Production soared, and costs plummeted. When the common family could own a motor vehicle, distances shrank and the world became a smaller place as the individual's choices grew. In this quiz, we'll not only take a look at some of the famous - and a few of the infamous - vehicles produced by Ford, but we'll also examine the impact Henry Ford and his company had not only on American society but the world at large. Laser Focus on the questions as they Probe your knowledge of Ford! Aspire to Model A perfect example to your friends! We'll set the Tempo and Escort you through this quiz as you Flex your mind as you Endeavour to become an Explorer of the Edge of the Blue Oval. Let the Expedition begin! If you're taking this quiz, you're a Ford fan, but let's be honest: The Pinto is a case of a bad vehicle handled badly.
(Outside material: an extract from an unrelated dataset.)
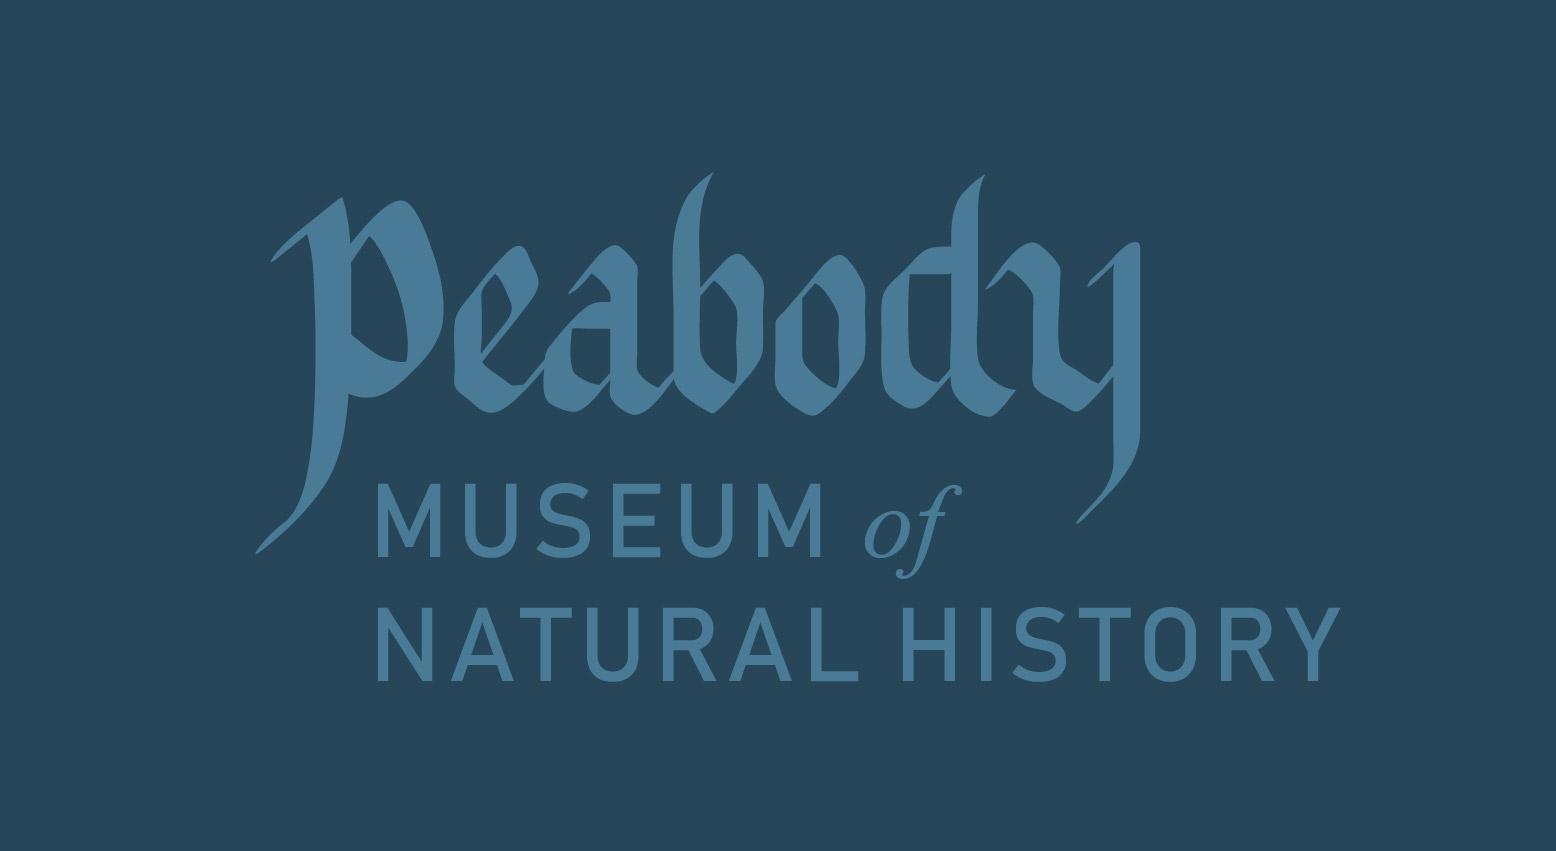 PeabodyMuseumLogo4-03.jpg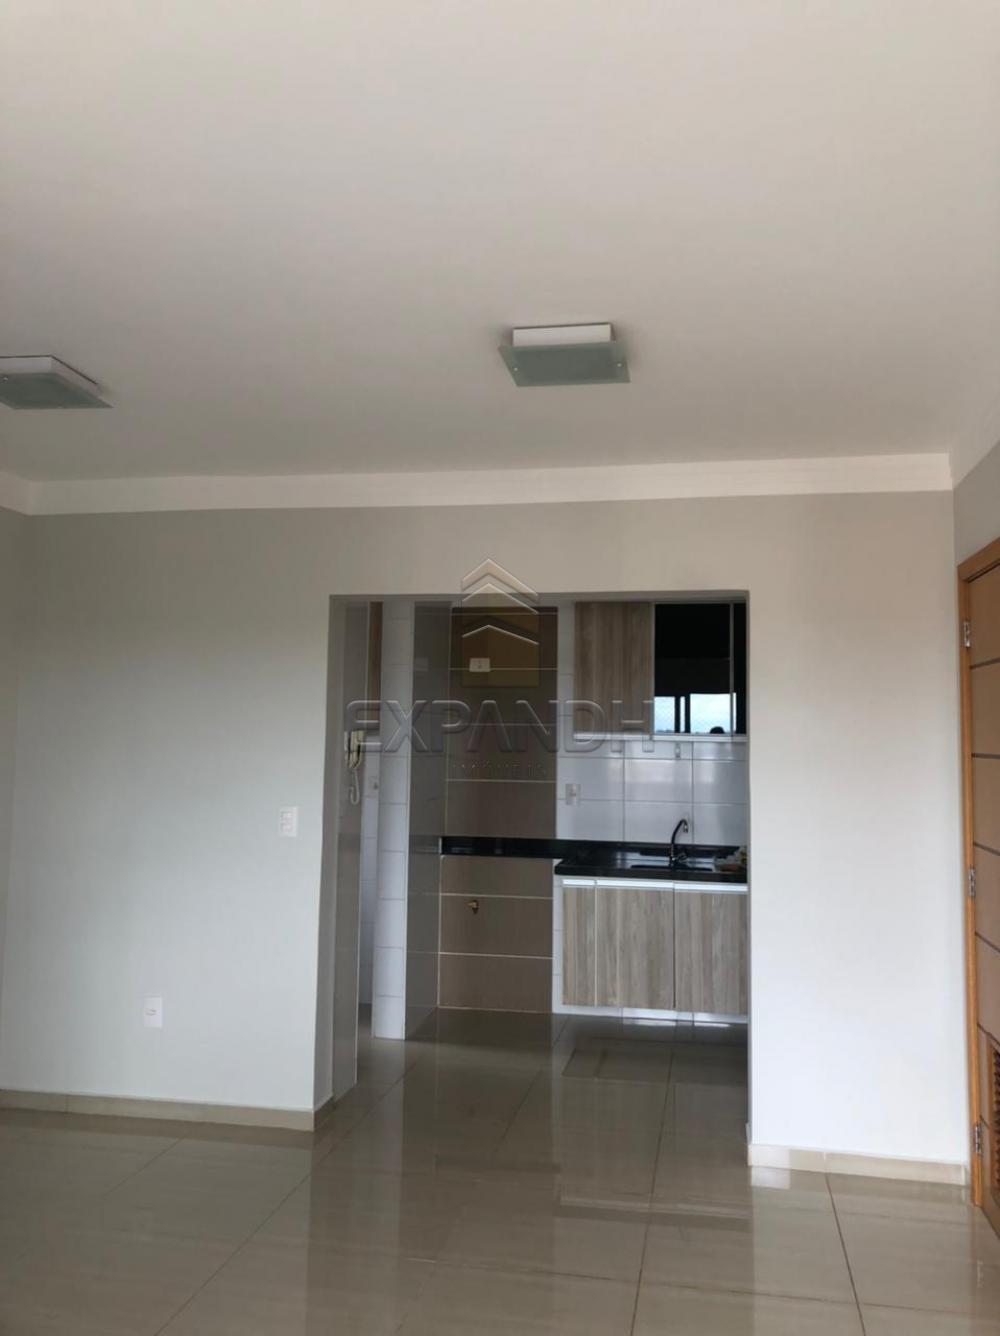 Alugar Apartamentos / Padrão em Sertãozinho apenas R$ 1.250,00 - Foto 4

A small car popular in the oil-starved 1970s - 3 million were made between 1971 and 1980 - the Pinto was the subject of recalls. The first recall was for sticking accelerators, then for possible engine fires and most famously to correct a flaw that led to fuel-tank fires - and several fatalities - after moderate-speed rear-end collisions. This was the original "Is it a car? Is it a truck?" vehicle in the U.S. The coupe utility vehicle - sometimes called a Ute - was a favorite among Australians as early as 1934, when Ford introduced the aptly named Ford Utility Coupe. The idea was brought to the United States in 1957 with the Ford Ranchero. Built on a station-wagon frame, Derila Neck Relief Pillow the Ranchero could actually carry more than an F-150 of the time. The car/truck hybrid lasted seven generations, ending its haul in 1979 when Ford started to develop light pickup trucks.